Incubation buffer (0.5 % BSA from Thermo Fisher Scientific, 0.5 % Tween 20 in PBS pH 7) was used as dilution medium. For the standard curve, a 1:2 dilution series starting from 4 ng/ml to 3.9 pg/ml rBet v 4 was prepared. Samples contained birch pollen extract and rBet v 4 either alone or in combination. For the evaluation of robustness towards potentially interfering chemicals, phenol and glycerol were added to the incubation buffer in varying ratios.
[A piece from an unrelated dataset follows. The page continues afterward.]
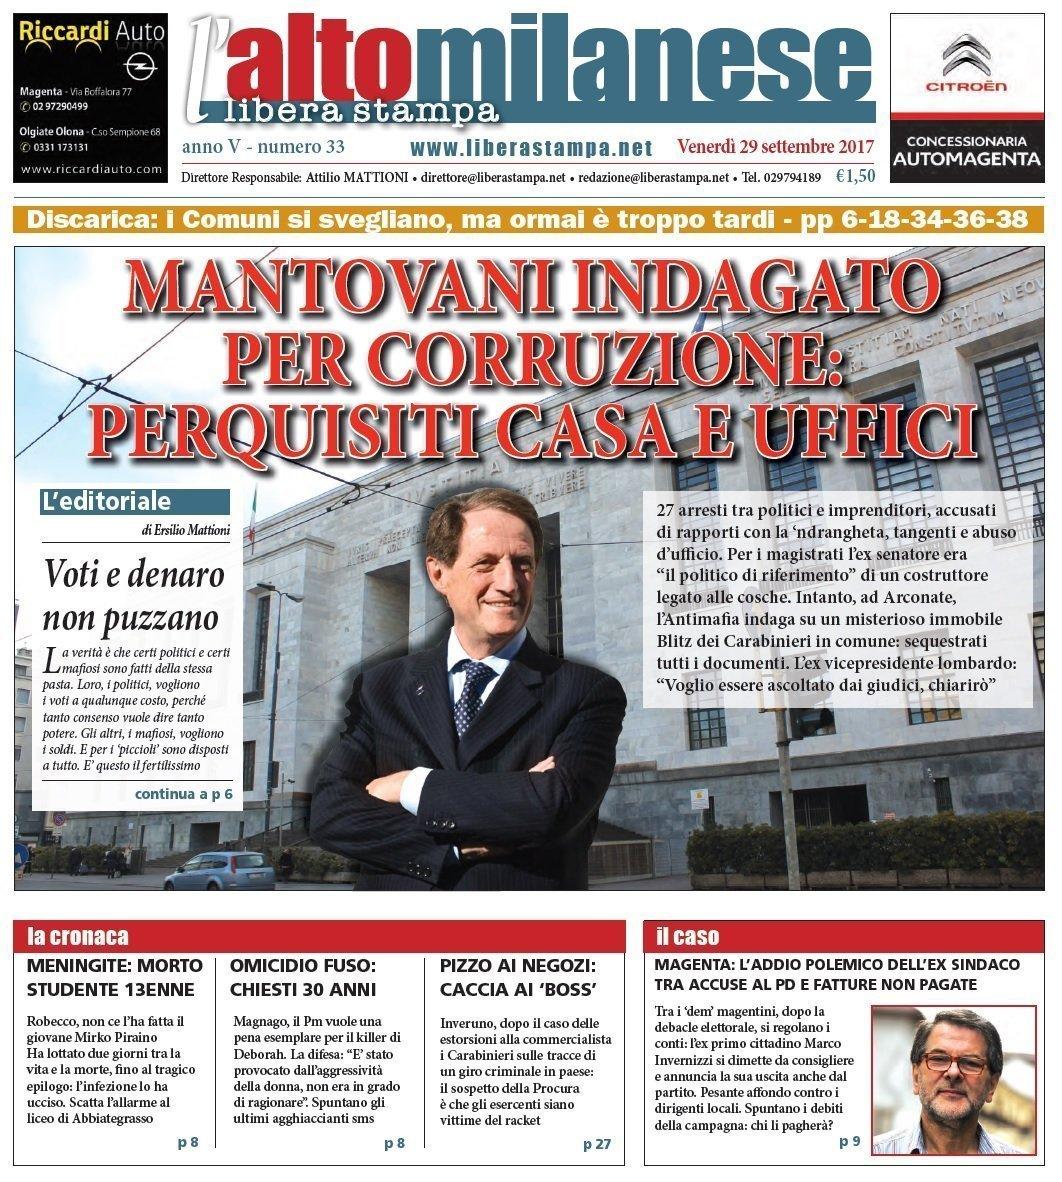 prima pagina 29 settembre 2017 anteprima notizie libera stampa l'altomilanese
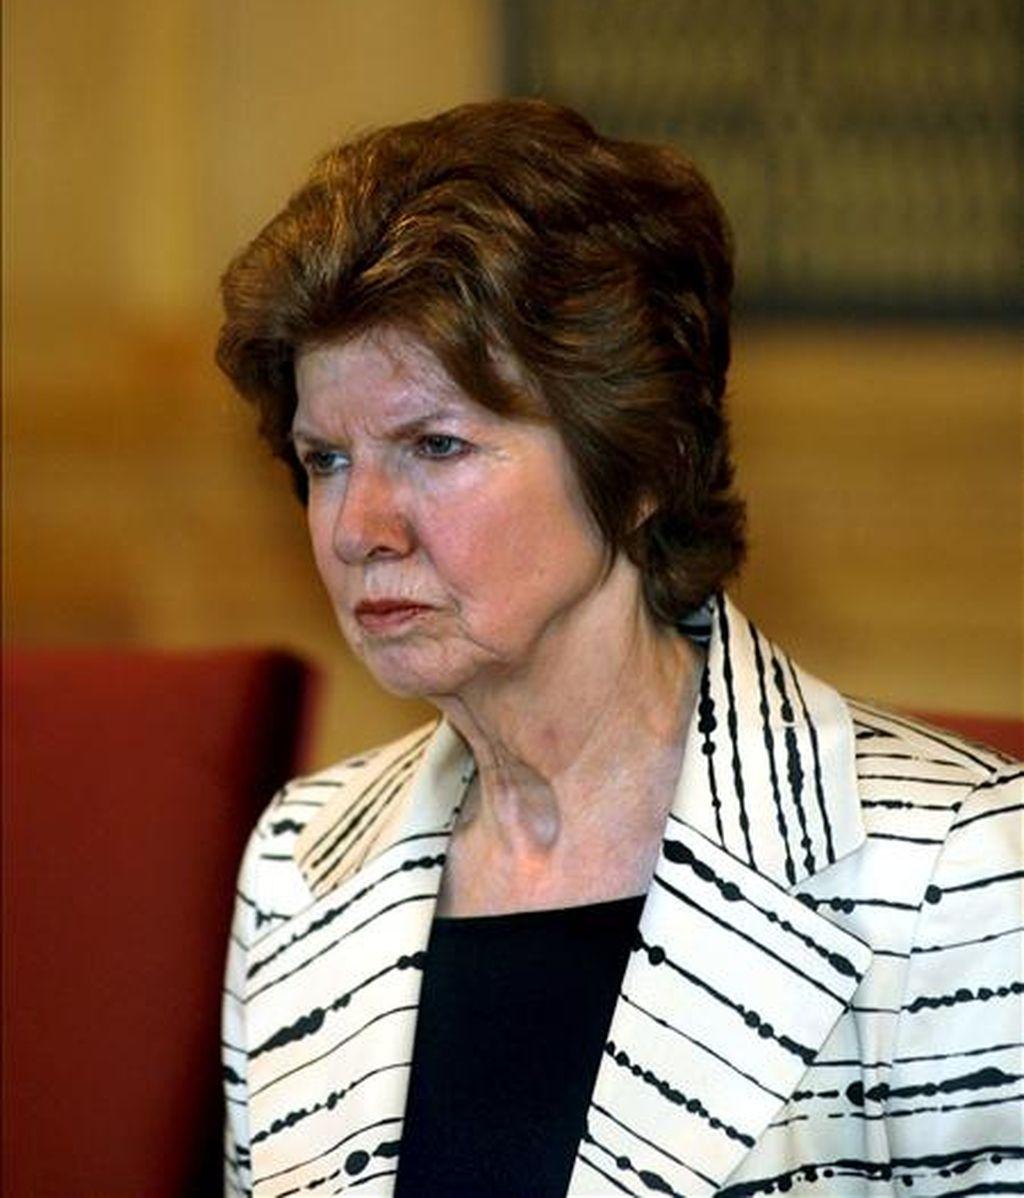 La presidenta de Transparencia Internacional, Huguette Labelle. EFE/Archivo

Bet v 4-specific sandwich ELISA

The development and validation of the Bet v 4 ELISA was performed in accordance with common guidelines and recommendations [3638] and according to the rules of the quality assurance system of the Paul-Ehrlich-Institut (PEI). Nunc MaxiSorp microtiter plates were coated with 200 ng of the isotype-specific primary capture antibody rat anti-mouse IgG2a (Becton Dickinson Pharmingen) in 100 μl/well PBS, pH 7, and incubated overnight at 4 °C. After three washes (300 μl/well, 0.05 % Tween 20 in PBS), plates were blocked with 1.5 % BSA (Thermo Fisher Scientific) in PBS for 30 min at RT and washed again. Five nanograms of Bet v 4-specific mAb was immobilized by incubating 100 μl/well mP49 cell culture supernatant in the incubation buffer for 1 h at RT under agitation. The reference and samples diluted in incubation buffer (100 μl) were added and incubated for 1 h under agitation. Anti-Bet v 4 rabbit serum diluted 1:16,000 (100 μl) in incubation buffer was added and incubated for 1 h under agitation. Detection was performed with 100-μl/well HRP-conjugated anti-rabbit IgG diluted 1:30,000 in incubation buffer for 1 h at RT. Three washes were performed between all incubations.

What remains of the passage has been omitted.